Today in History: January 25, Jury convicts Charles Manson

Charles Manson is heavily escorted back to his cell after being found guilty of first degree murder in Los Angeles, Jan. 25, 1971. (AP Photo/Pool)

Charles Manson is heavily escorted back to his cell after being found guilty of first degree murder in Los Angeles, Jan. 25, 1971. (AP Photo/Pool)

Today’s Highlight in History:

On Jan. 25, in 1971, Charles Manson and three women followers were convicted in Los Angeles of murder and conspiracy in the 1969 slayings of seven people, including actor Sharon Tate.

On this date:

In 1533, England’s King Henry VIII secretly married his second wife, Anne Boleyn, who later gave birth to Elizabeth I.

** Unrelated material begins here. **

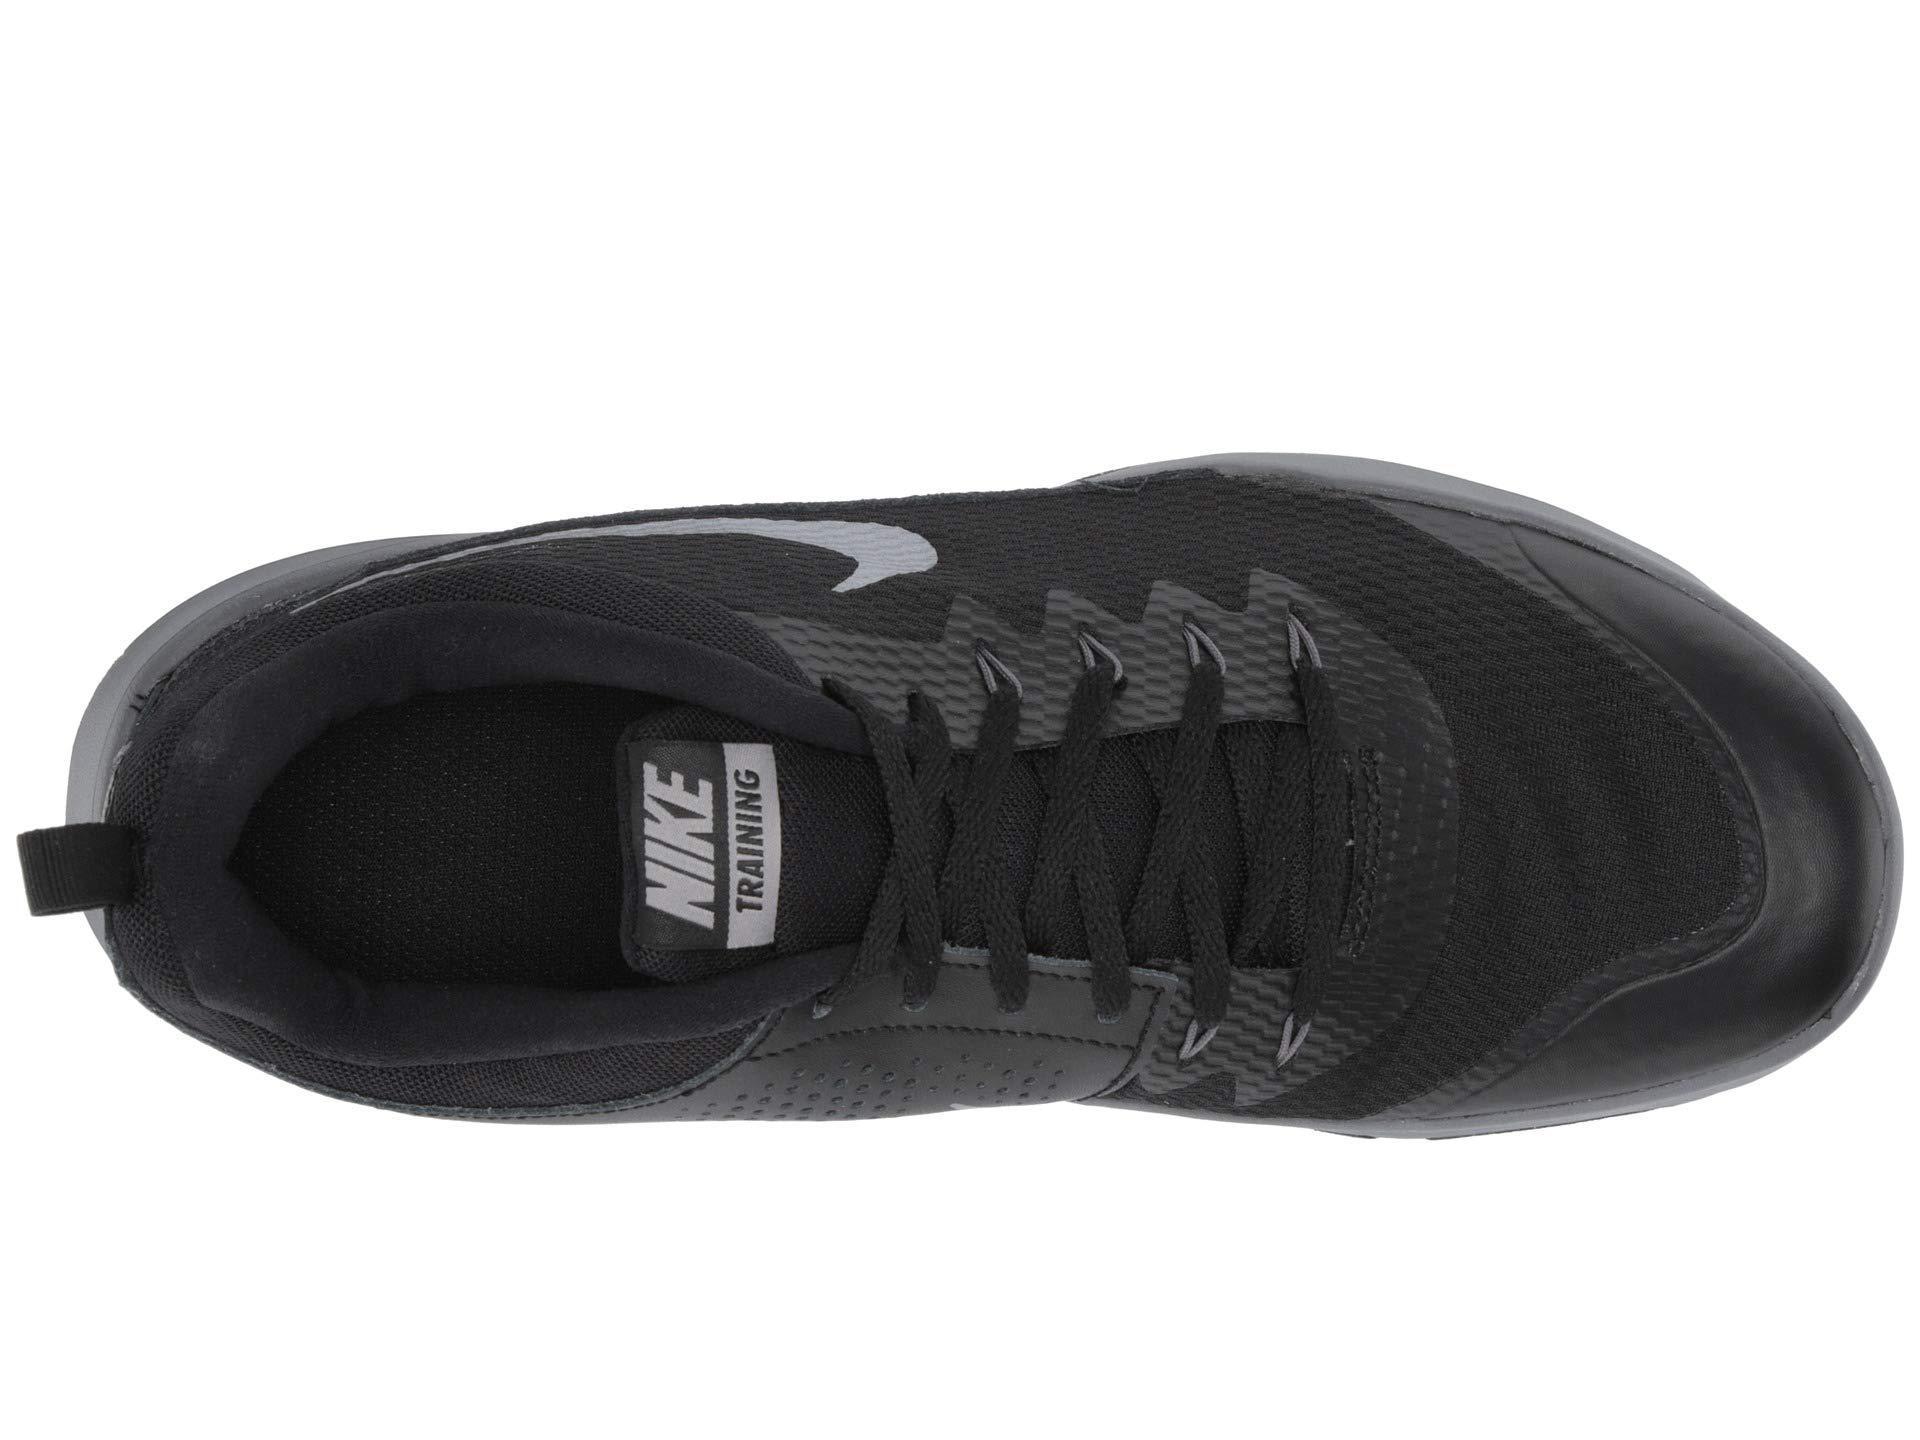 reputable site 52306 7d78e Lyst - Nike Legend Trainer (black metallic Silver white) Men s Cross ...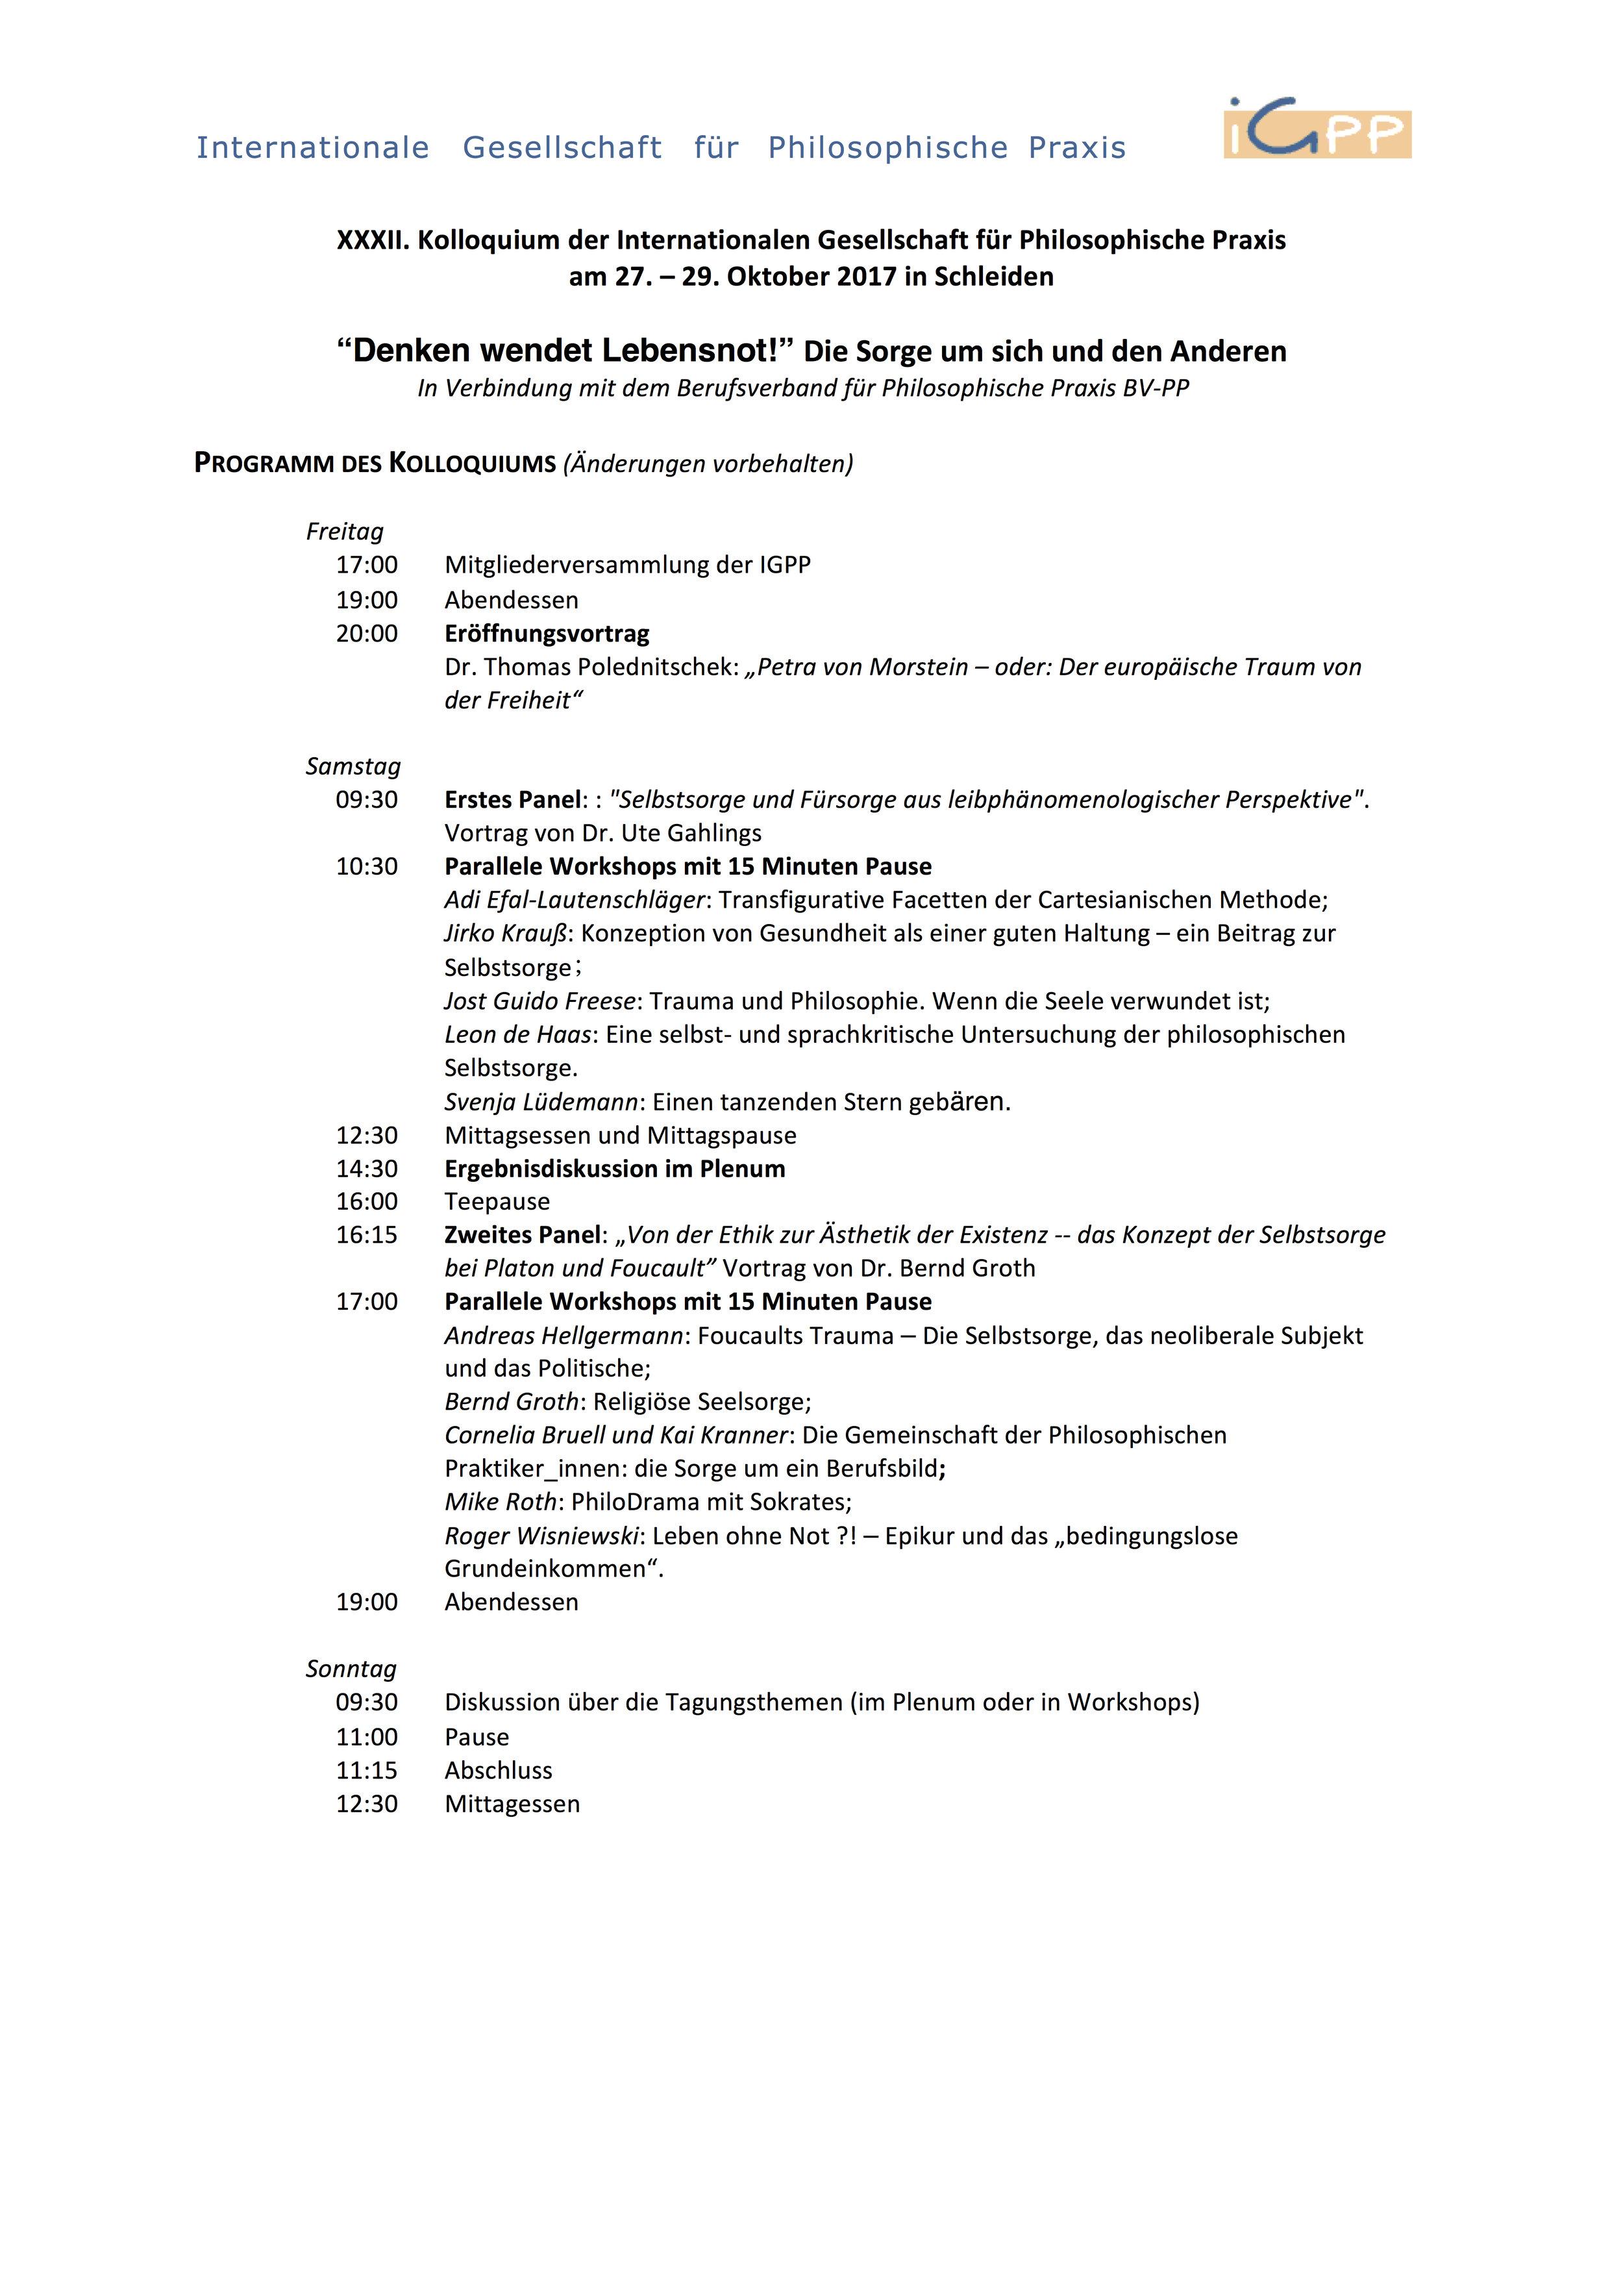 Programm-Herbstkolloquium-2017.jpg

In 1915, America’s first official transcontinental telephone call took place as Alexander Graham Bell, who was in New York, spoke to his former assistant, Thomas Watson, who was in San Francisco, over a line set up by American Telephone & Telegraph.

In 1924, the first Winter Olympic Games opened in Chamonix (shah-moh-NEE’), France.

In 1945, Grand Rapids, Michigan, became the first community to add fluoride to its public water supply.

In 1981, the 52 Americans held hostage by Iran for 444 days arrived in the United States.

In 1993, Sears announced that it would no longer publish its famous century-old catalog.

In 1994, maintaining his innocence, singer Michael Jackson settled a child molestation lawsuit against him; terms were confidential, although the monetary figure was reportedly $22 million.

In 2004, NASA’s Opportunity rover zipped its first pictures of Mars to Earth, showing a surface smooth and dark red in some places, and strewn with fragmented slabs of light bedrock in others.

In 2017, Mary Tyler Moore, who created one of TV’s first career-woman sitcom heroines in “The Mary Tyler Moore Show,” died at the age of 80. Actor John Hurt died at 77.

In 2020, President Donald Trump’s defense team opened its arguments at his first Senate impeachment trial, casting the effort to remove him from office as a politically motivated attempt to subvert the 2016 election and the upcoming 2020 contest.

In 2021, President Joe Biden signed an order reversing a Pentagon policy that largely barred transgender people from military service.

In 2022, the Navy said it had discharged 23 active-duty sailors for refusing the coronavirus vaccine; it marked the first time the Navy had thrown currently-serving sailors out of the military over the mandatory shots.